Aim of the task: Retype the data below verbatim; pictures do not belong in the copy.

(Recorded data)
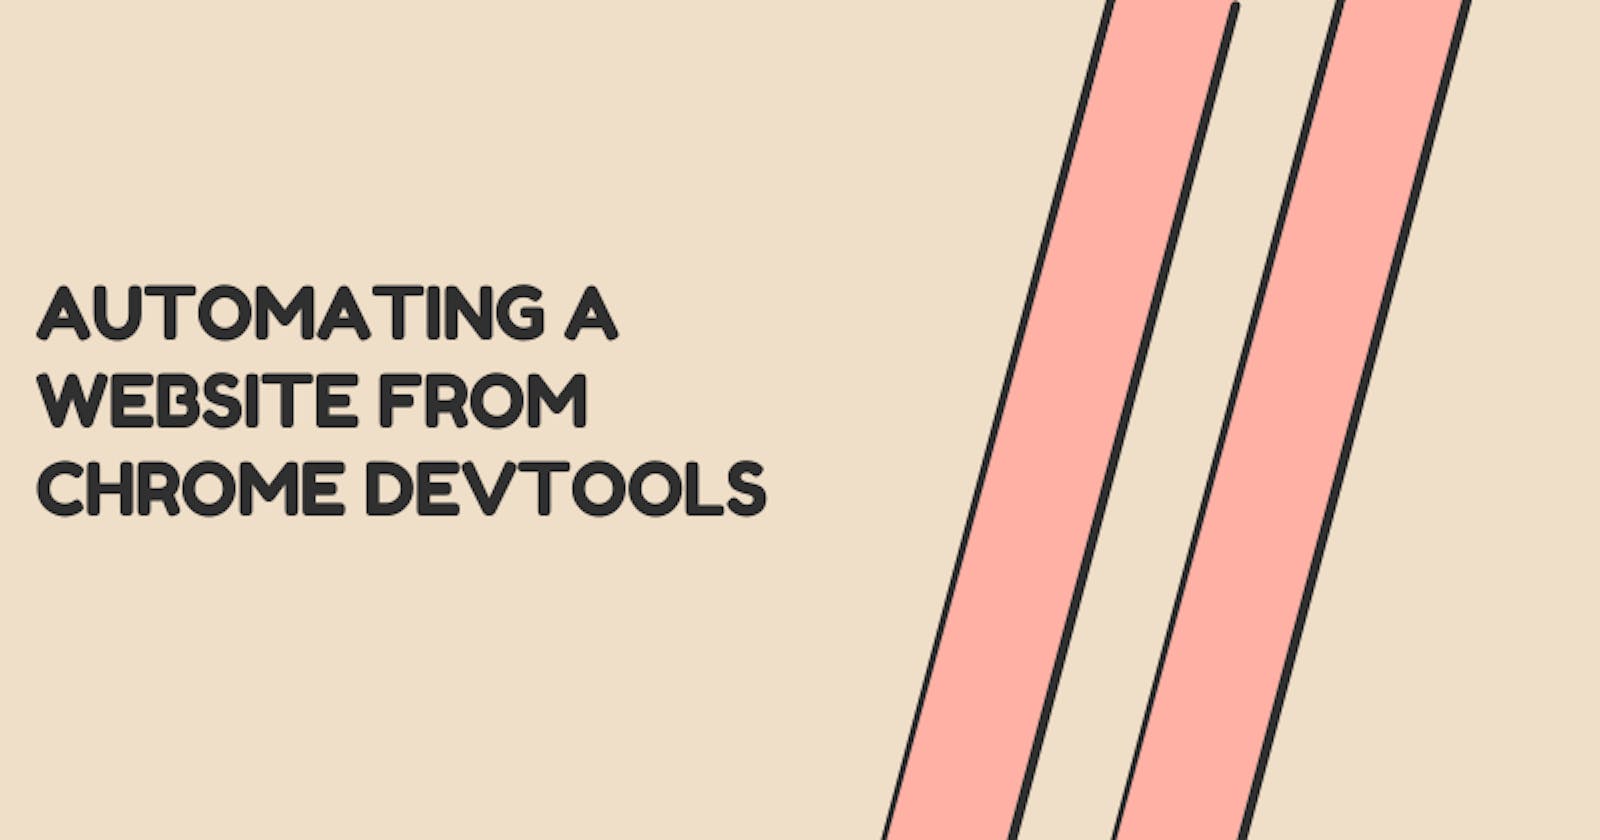 Automating a website from Chrome DevTools
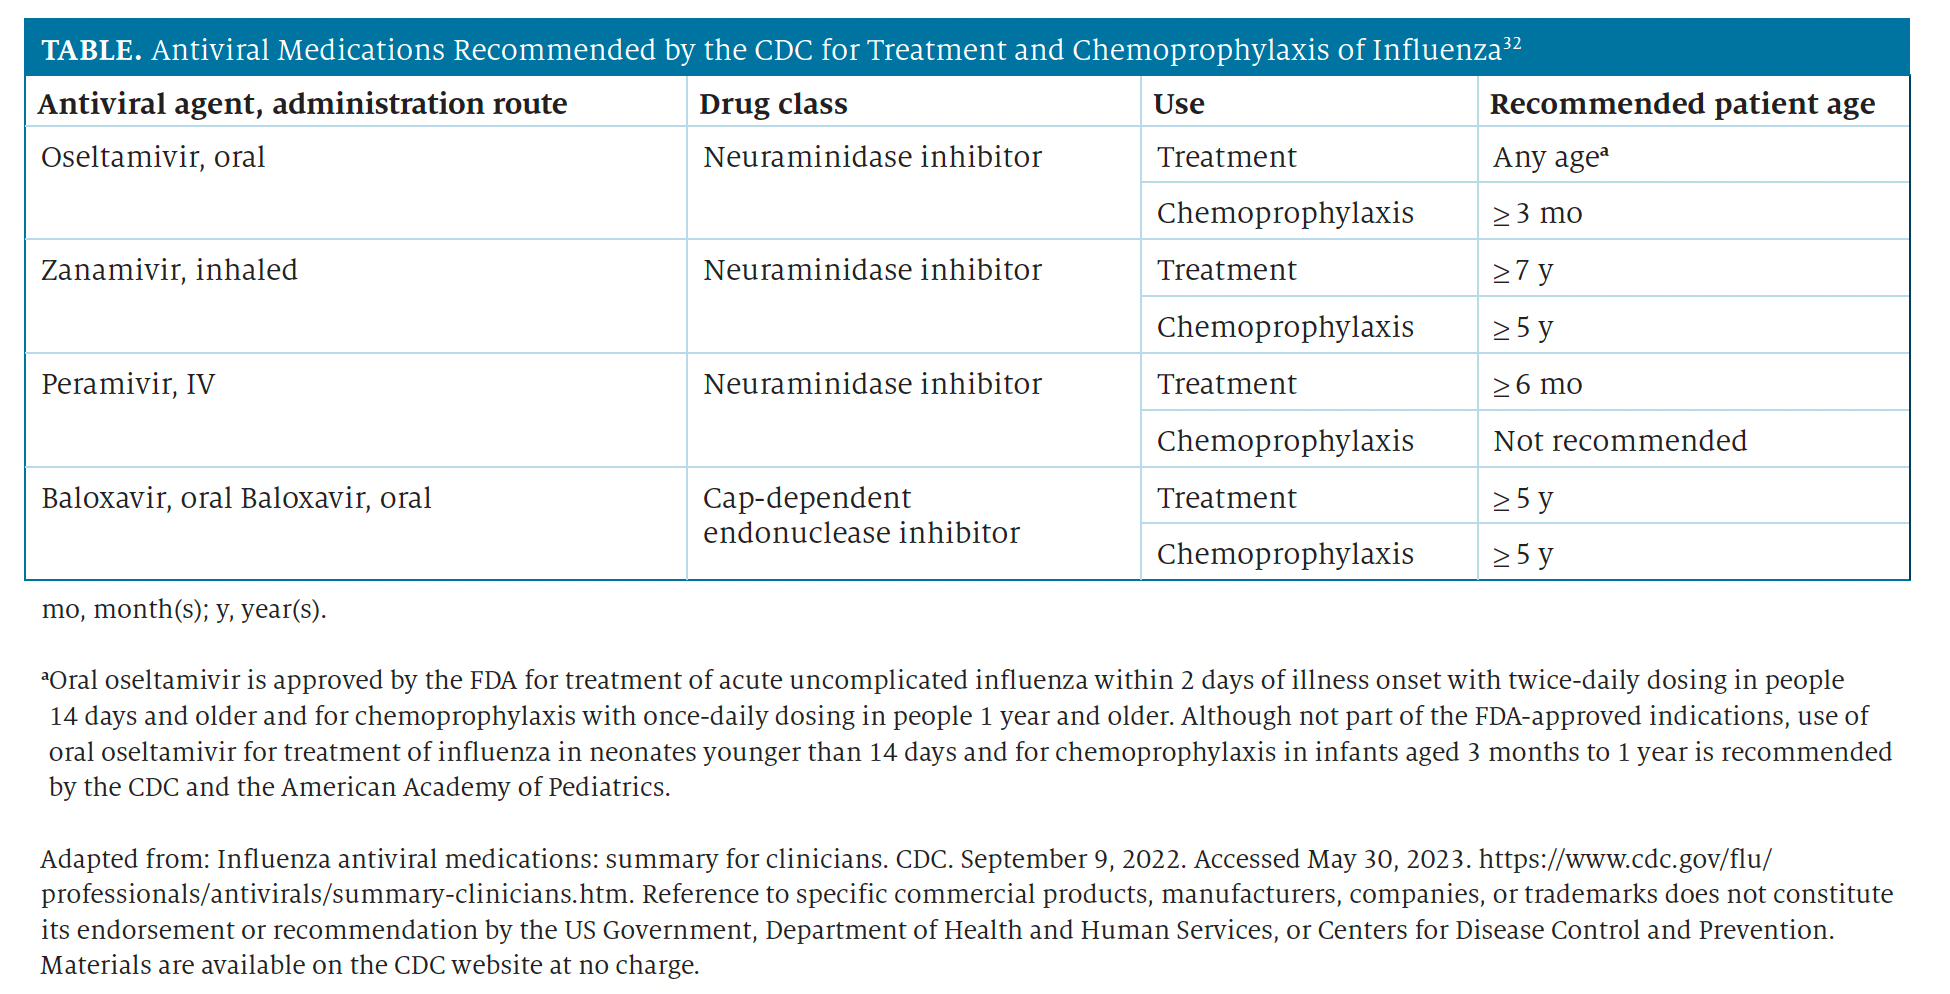 Antiviral Medications Recommended by the CDC for Treatment and Chemoprophylaxis of Influenza
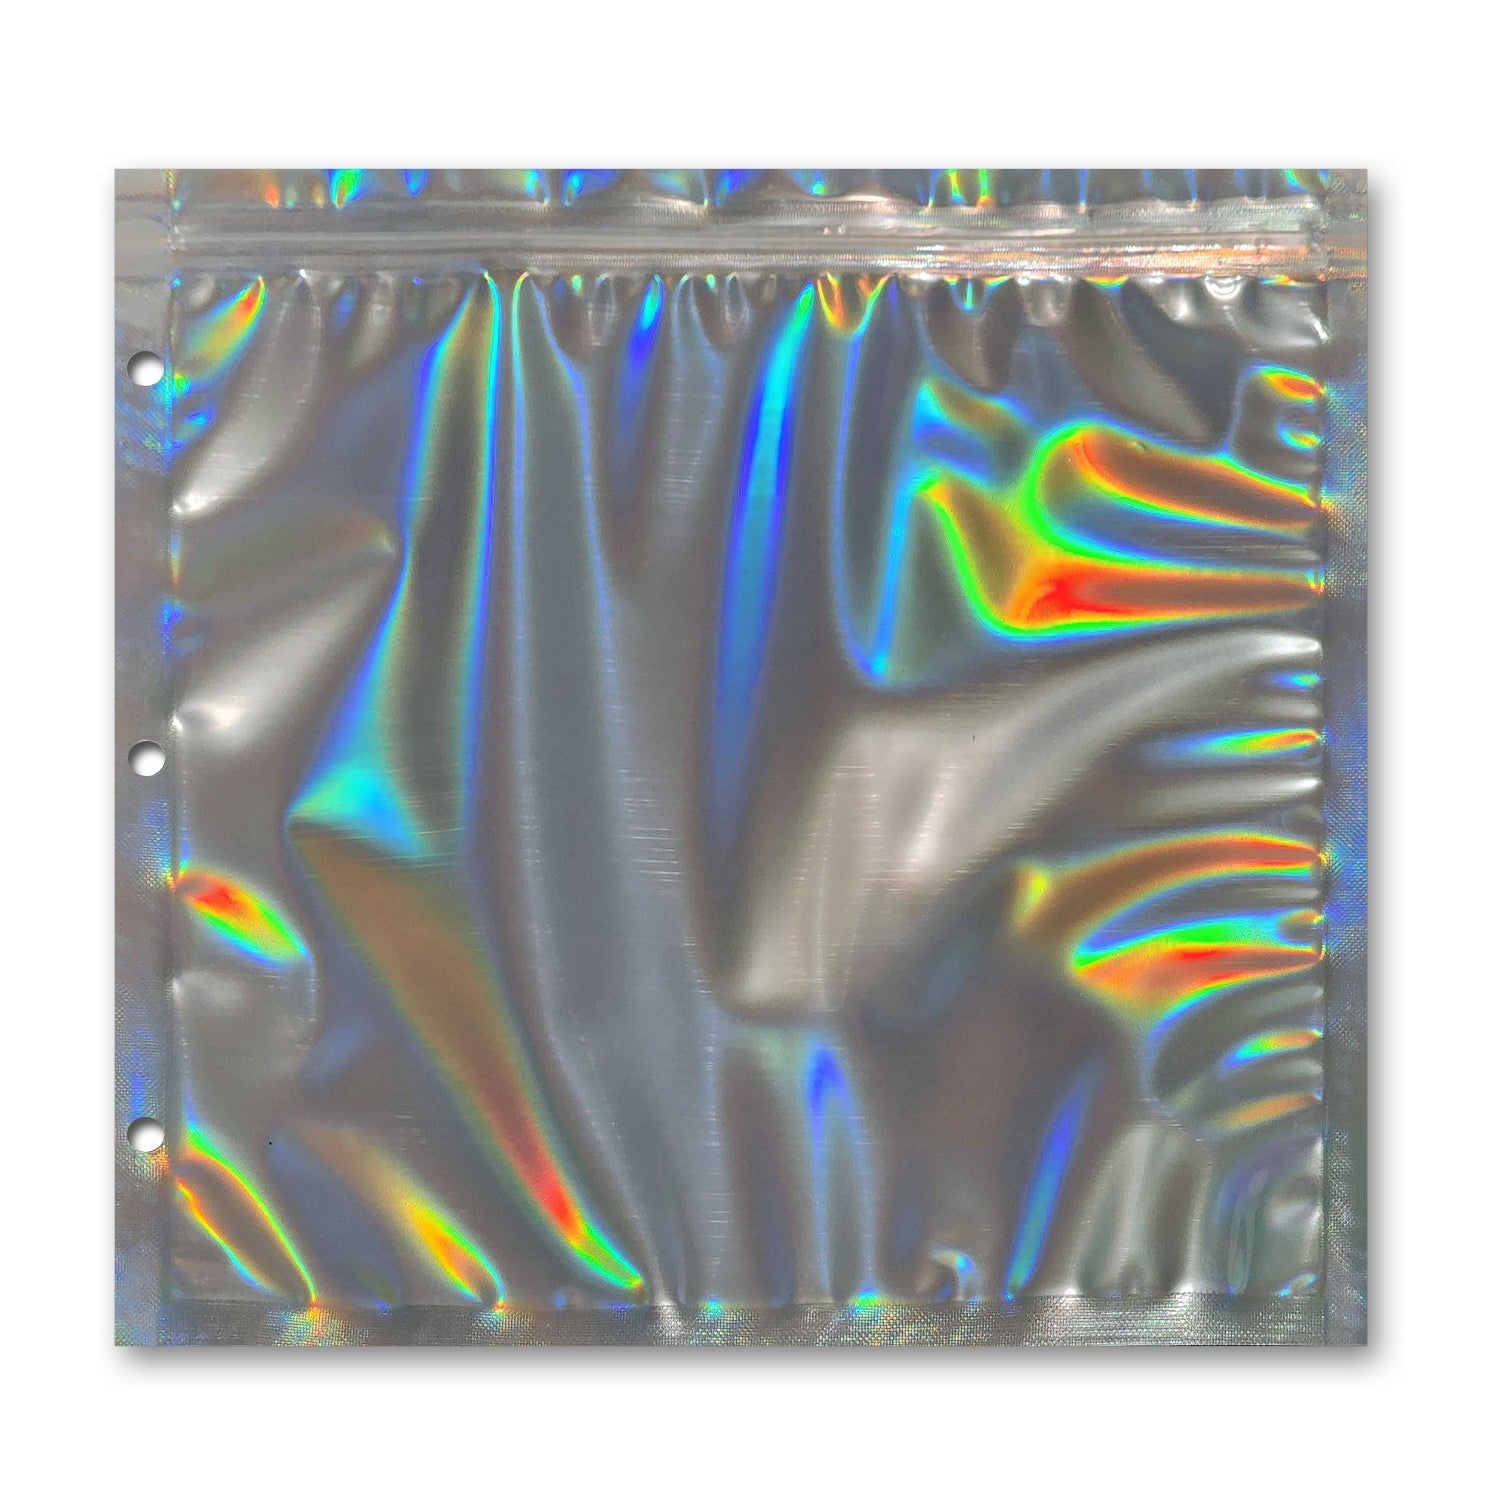 Holographic Sticker Pouches (3ct)
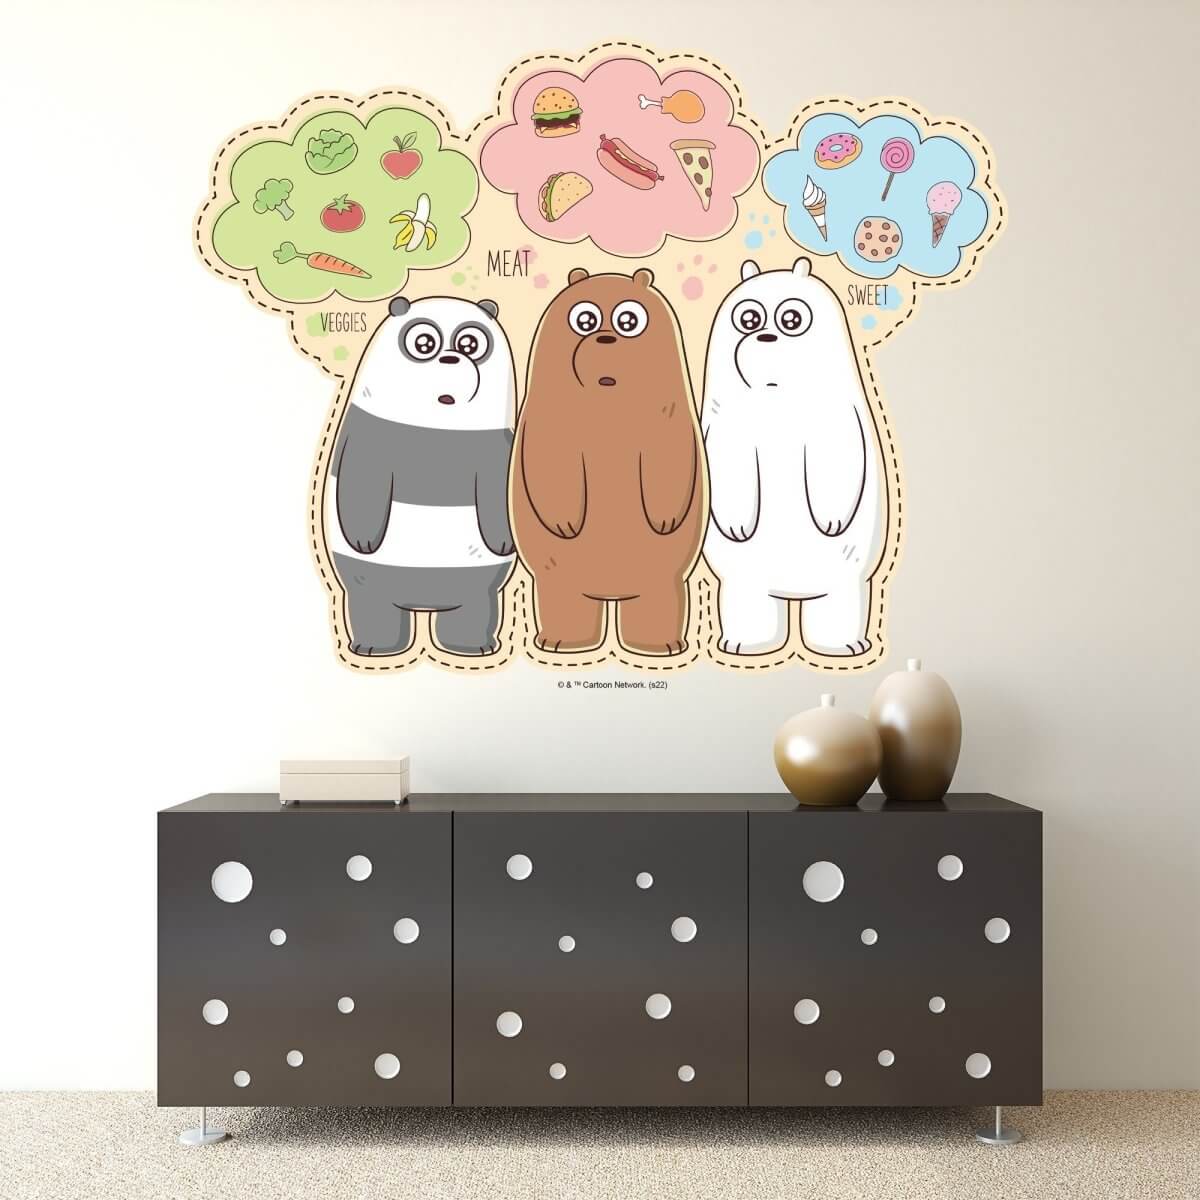 Kismet Decals Home & Room Decor We Bare Bears Favorite Foods Wall decal sticker - officially licensed - latex printed with no solvent odor - Kismet Decals
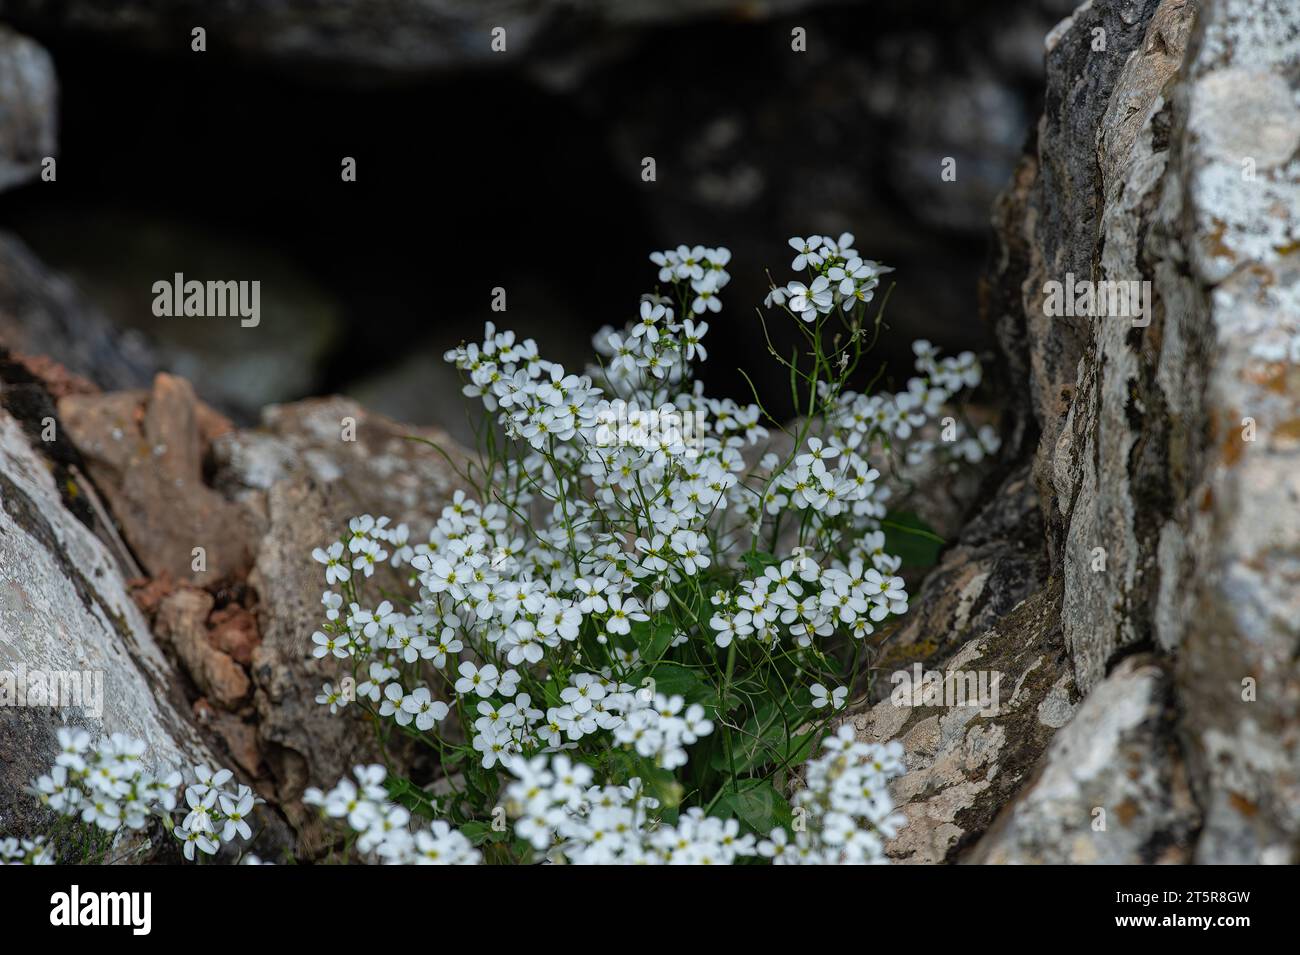 Arabis caucasica arabis mountain rock cress springtime flowering plant, causacian rockcress flowers with white petals in bloom, green leaves Stock Photo

Reply:
 Automating a website from Chrome DevTools
 Antiviral Medications Recommended by the CDC for Treatment and Chemoprophylaxis of Influenza
 Holographic Sticker Pouches (3ct)
 Kismet Decals Home & Room Decor We Bare Bears Favorite Foods Wall decal sticker - officially licensed - latex printed with no solvent odor - Kismet Decals
 Arabis caucasica arabis mountain rock cress springtime flowering plant, causacian rockcress flowers with white petals in bloom, green leaves Stock Photo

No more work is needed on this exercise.